WORK INSTRUCTION — Copy task, pictures excluded: set down exactly the lines from the one containing "April 3, 2012." to the end of the data below.

SUPPLIED INFORMATION —

──────────────────────────────

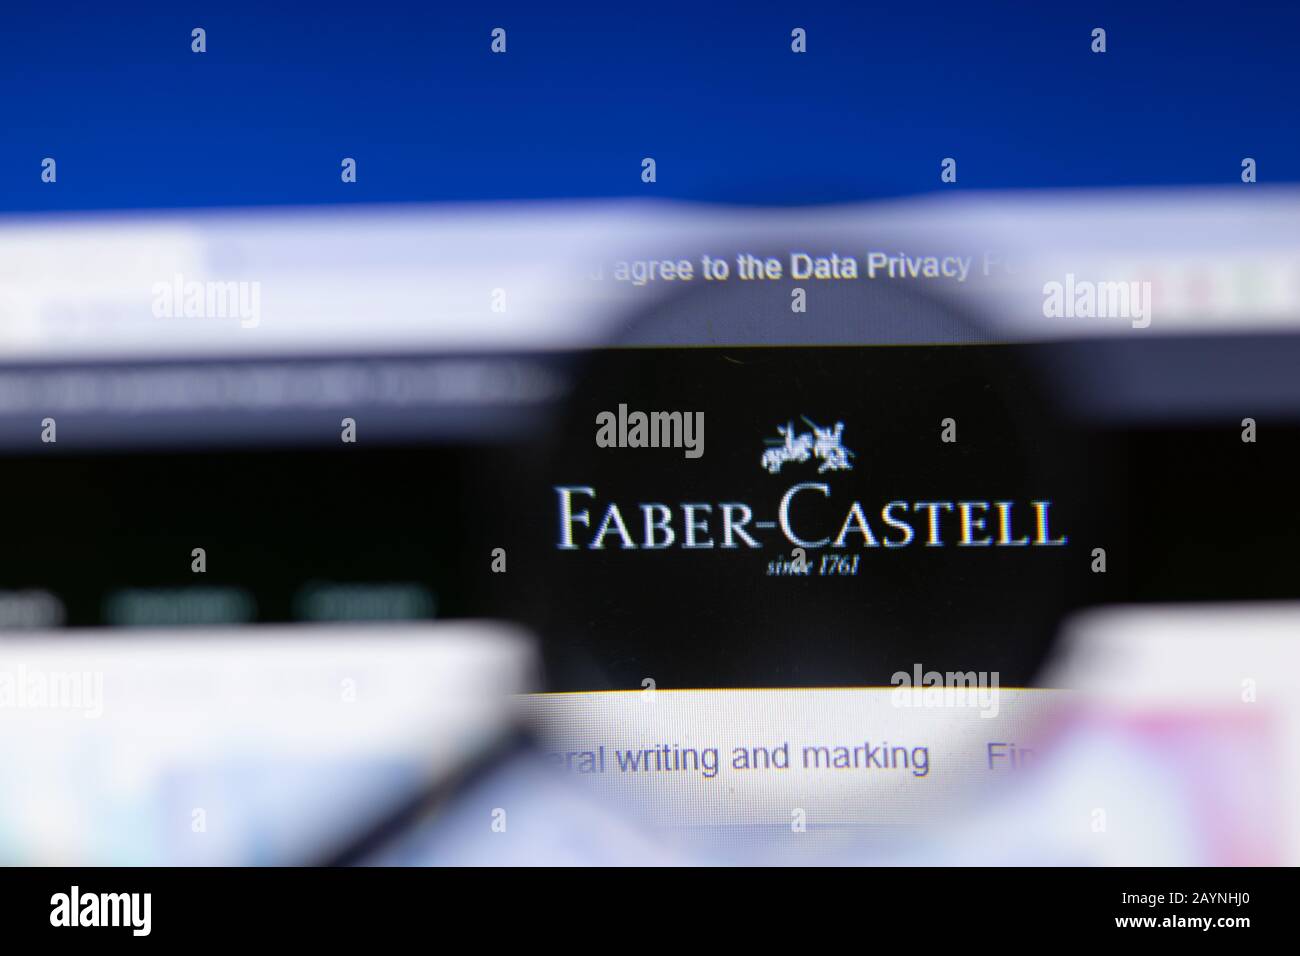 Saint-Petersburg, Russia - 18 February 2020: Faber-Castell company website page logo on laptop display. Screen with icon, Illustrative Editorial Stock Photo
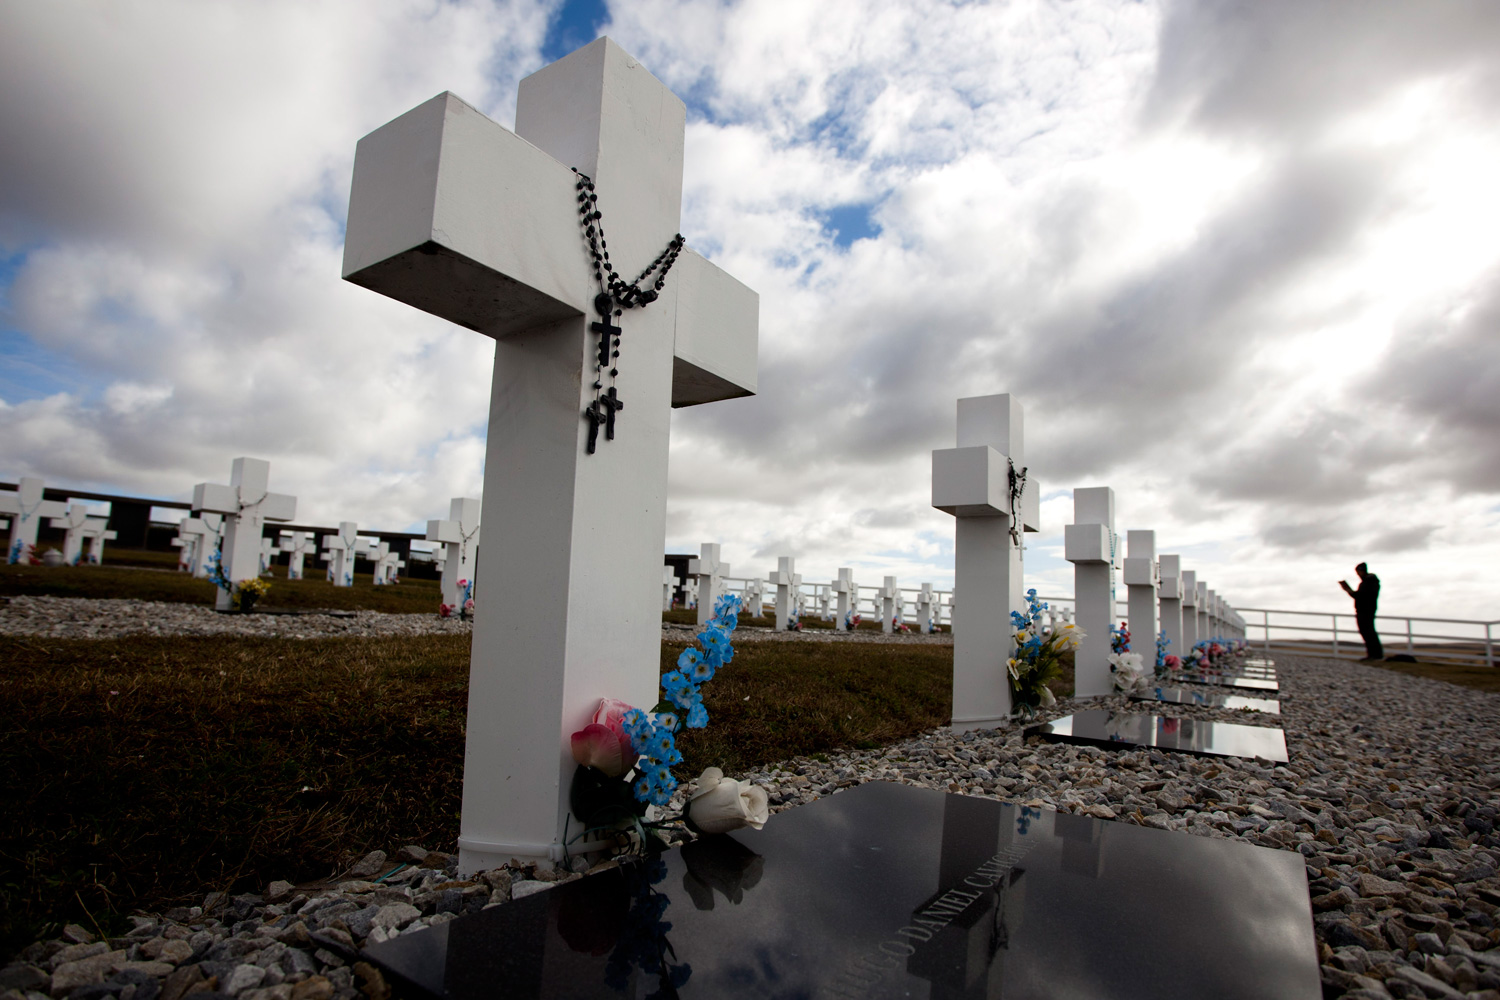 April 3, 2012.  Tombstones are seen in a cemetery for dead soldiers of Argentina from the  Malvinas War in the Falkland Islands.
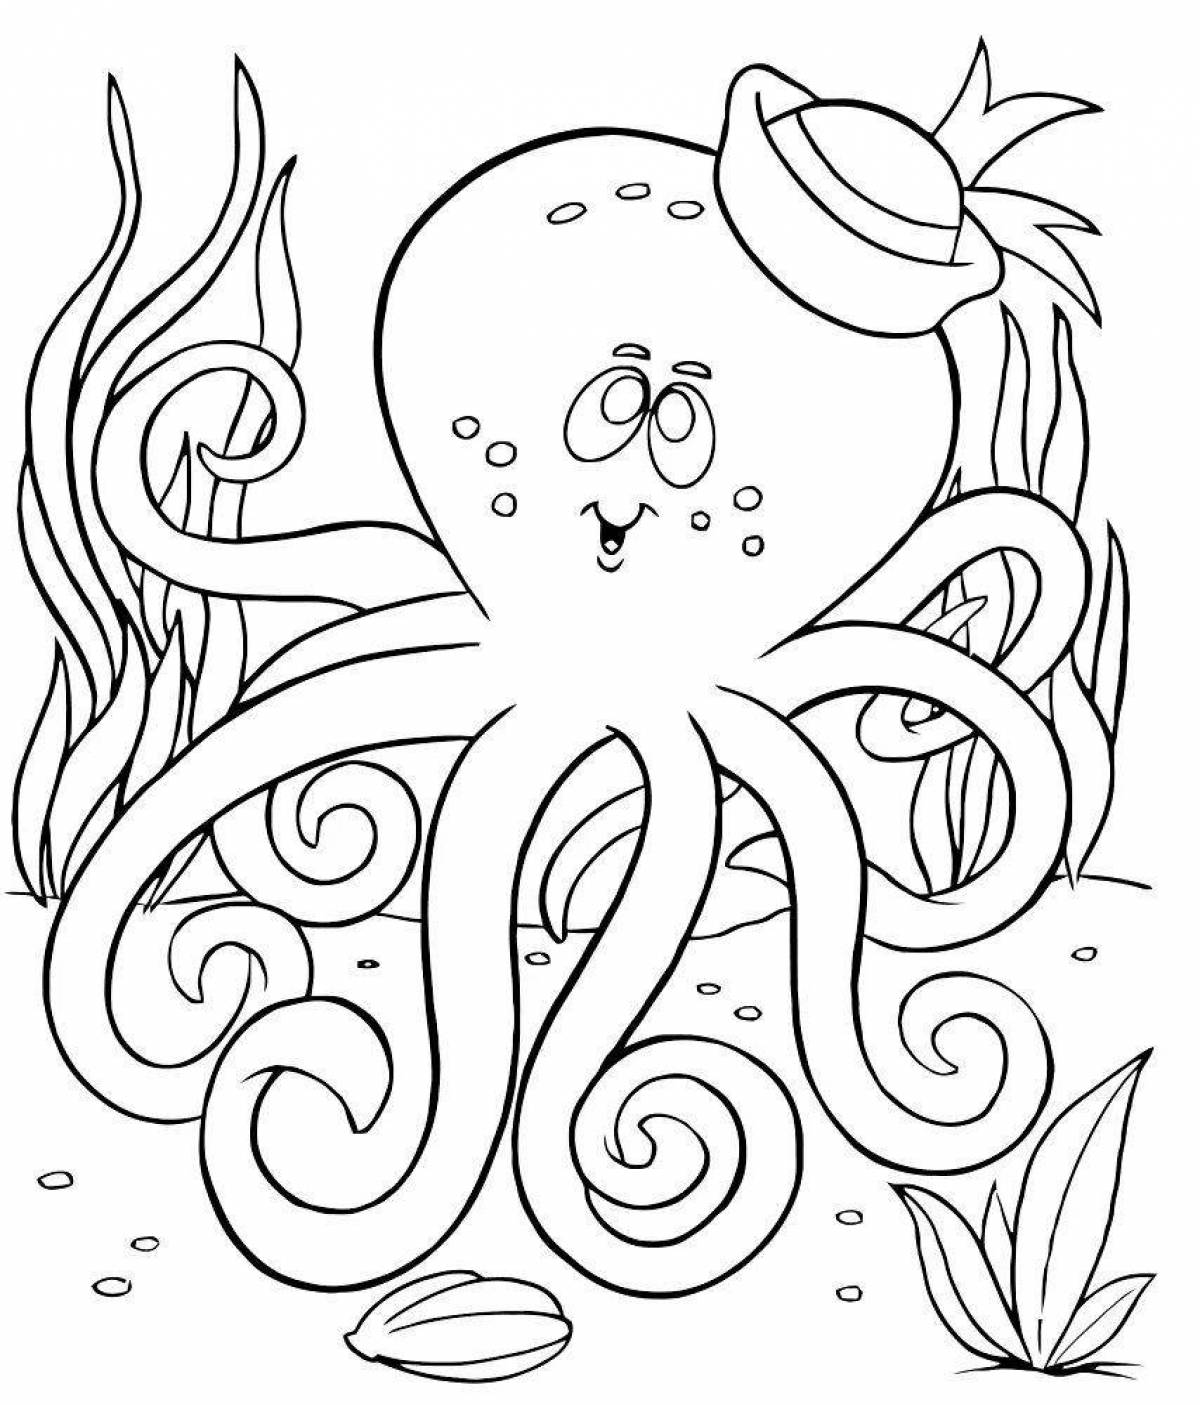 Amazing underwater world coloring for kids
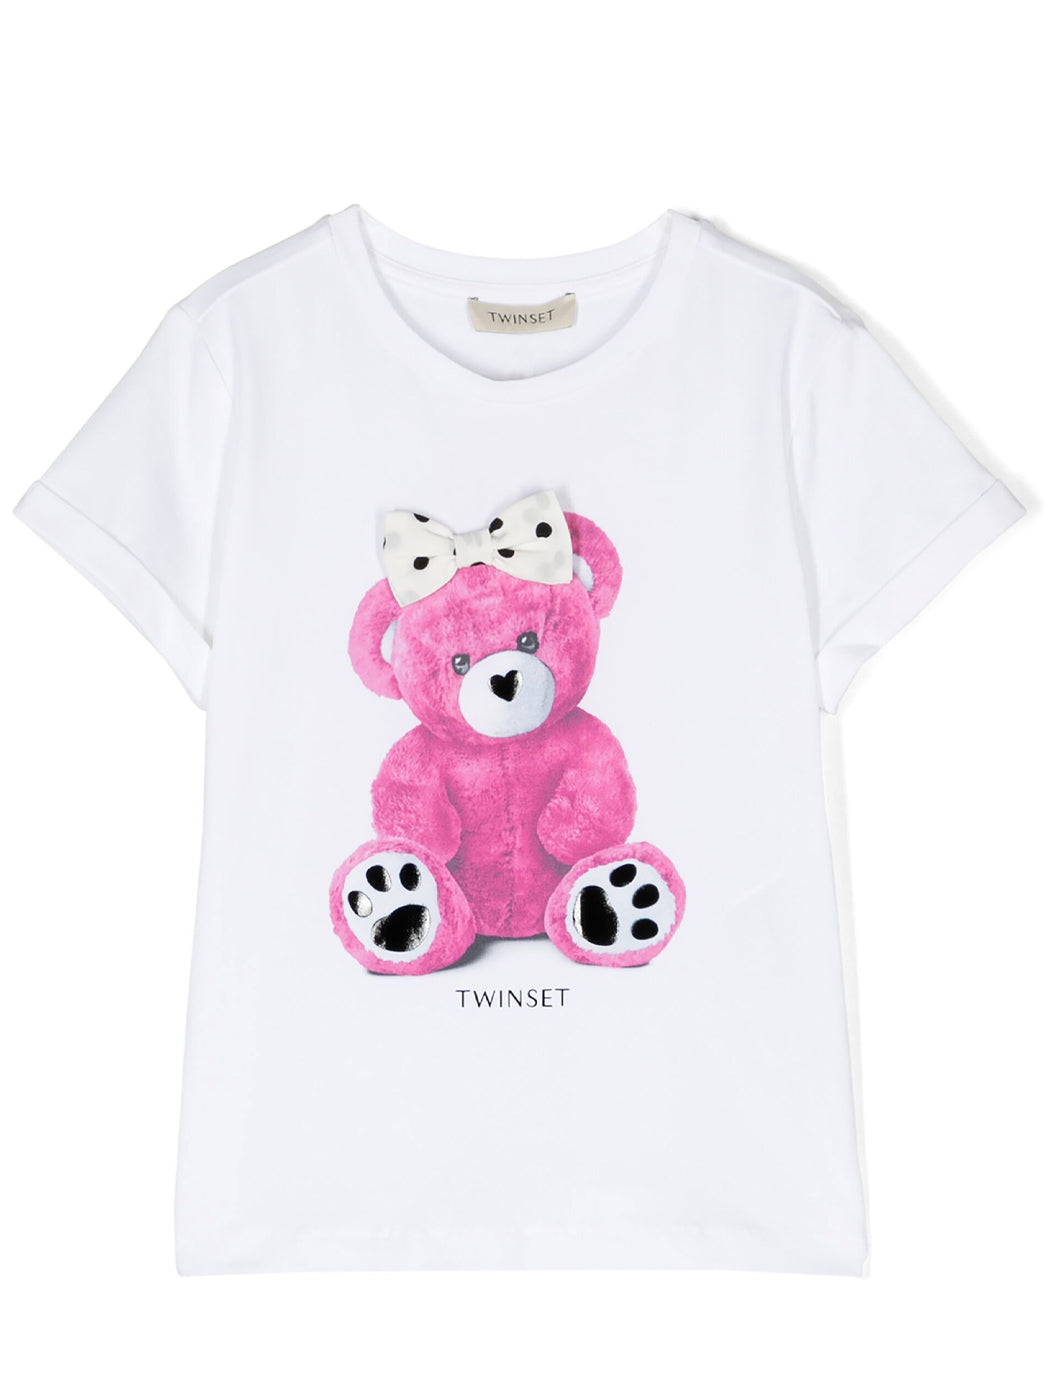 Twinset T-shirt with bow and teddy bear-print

──────────────────────────────

RESULT FOR THIS EXERCISE —
 April 3, 2012.  Tombstones are seen in a cemetery for dead soldiers of Argentina from the  Malvinas War in the Falkland Islands.
 Amazing underwater world coloring for kids
 Twinset T-shirt with bow and teddy bear-print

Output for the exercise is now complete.